From 30e1484afc141b9048b0a0968525981d37904781 Mon Sep 17 00:00:00 2001
From: XXXXRT666 <157766680+XXXXRT666@users.noreply.github.com>
Date: Mon, 25 May 2026 17:41:18 +0800
Subject: [PATCH 24/26] Make copied DLPack imports row-contiguous

---
 docs/src/usage/numpy.rst   |  7 ++++---
 python/src/convert.cpp     | 42 +++++++++++++++++++++++---------------
 python/src/ops.cpp         |  8 ++++++--
 python/tests/test_array.py | 13 ++++++++++++
 4 files changed, 49 insertions(+), 21 deletions(-)

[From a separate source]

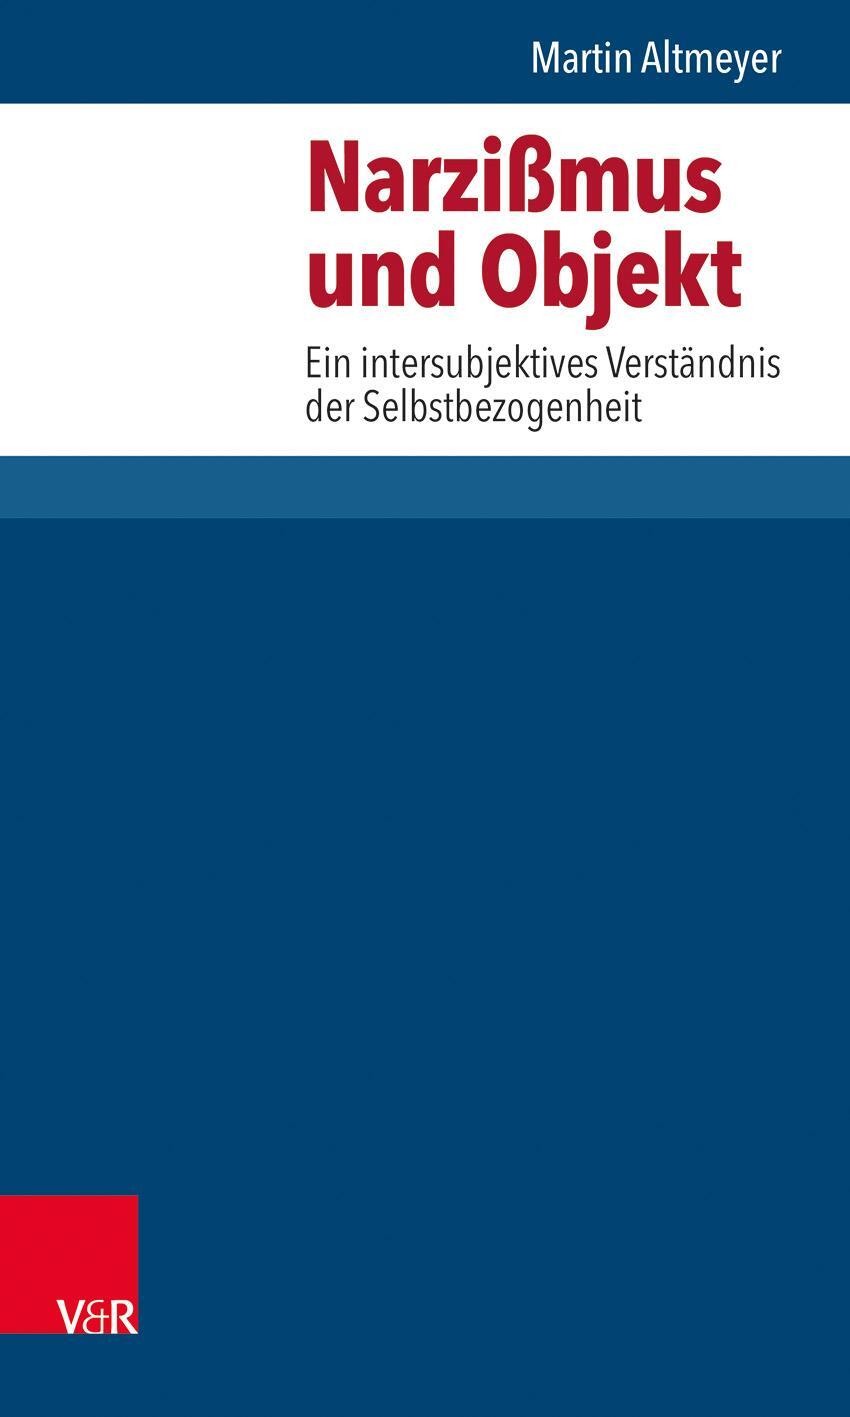 Narzissmus und Objekt - Altmeyer, Martin

diff --git a/docs/src/usage/numpy.rst b/docs/src/usage/numpy.rst
index 36154898f9..f7a2169660 100644
--- a/docs/src/usage/numpy.rst
+++ b/docs/src/usage/numpy.rst
@@ -109,9 +109,10 @@ without a copy when the underlying Metal buffer is not private. Private Metal
 buffers are copied into MLX-managed storage instead. Passing ``copy=False``
 requires zero-copy import and raises an error if a copy would be needed.
 Passing ``copy=True`` asks MLX to create a new array instead of reusing the
-Metal buffer. ``mx.array`` also creates a new array instead of reusing the
-Metal buffer. MLX arrays exported to PyTorch with DLPack are exported without a
-copy on Metal.
+Metal buffer. Copied DLPack inputs are materialized as row-contiguous MLX
+arrays; zero-copy imports preserve the DLPack strides. ``mx.array`` also
+creates a new array instead of reusing the Metal buffer. MLX arrays exported to
+PyTorch with DLPack are exported without a copy on Metal.
 
 In particular, PyTorch 2.12 and later use shared storage for ordinary MPS
 tensors on Apple silicon, while older PyTorch versions may use private storage
diff --git a/python/src/convert.cpp b/python/src/convert.cpp
index d245cebc9c..fc853fff31 100644
--- a/python/src/convert.cpp
+++ b/python/src/convert.cpp
@@ -76,6 +76,19 @@ size_t strided_storage_size(
   return storage_size;
 }
 
+size_t strided_offset(
+    size_t index,
+    const mx::Shape& shape,
+    const mx::Strides& strides) {
+  size_t offset = 0;
+  for (size_t i = shape.size(); i-- > 0;) {
+    auto dim_index = index % shape[i];
+    index /= shape[i];
+    offset += dim_index * strides[i];
+  }
+  return offset;
+}
+
 template <typename F>
 auto dispatch_dlpack_dtype(
     nb::dlpack::dtype type,
@@ -168,23 +181,14 @@ mx::array cpu_nd_array_to_mlx(
       [&]<typename DstT>(mx::Dtype) {
         auto out = mx::array(shape, dst_dtype, nullptr, {});
         auto strides = get_strides(nd_array);
-        auto storage_size = strided_storage_size(shape, strides);
-        auto [no_bsx_size, is_row_contiguous, is_col_contiguous] = shape.empty()
-            ? std::make_tuple(storage_size, true, true)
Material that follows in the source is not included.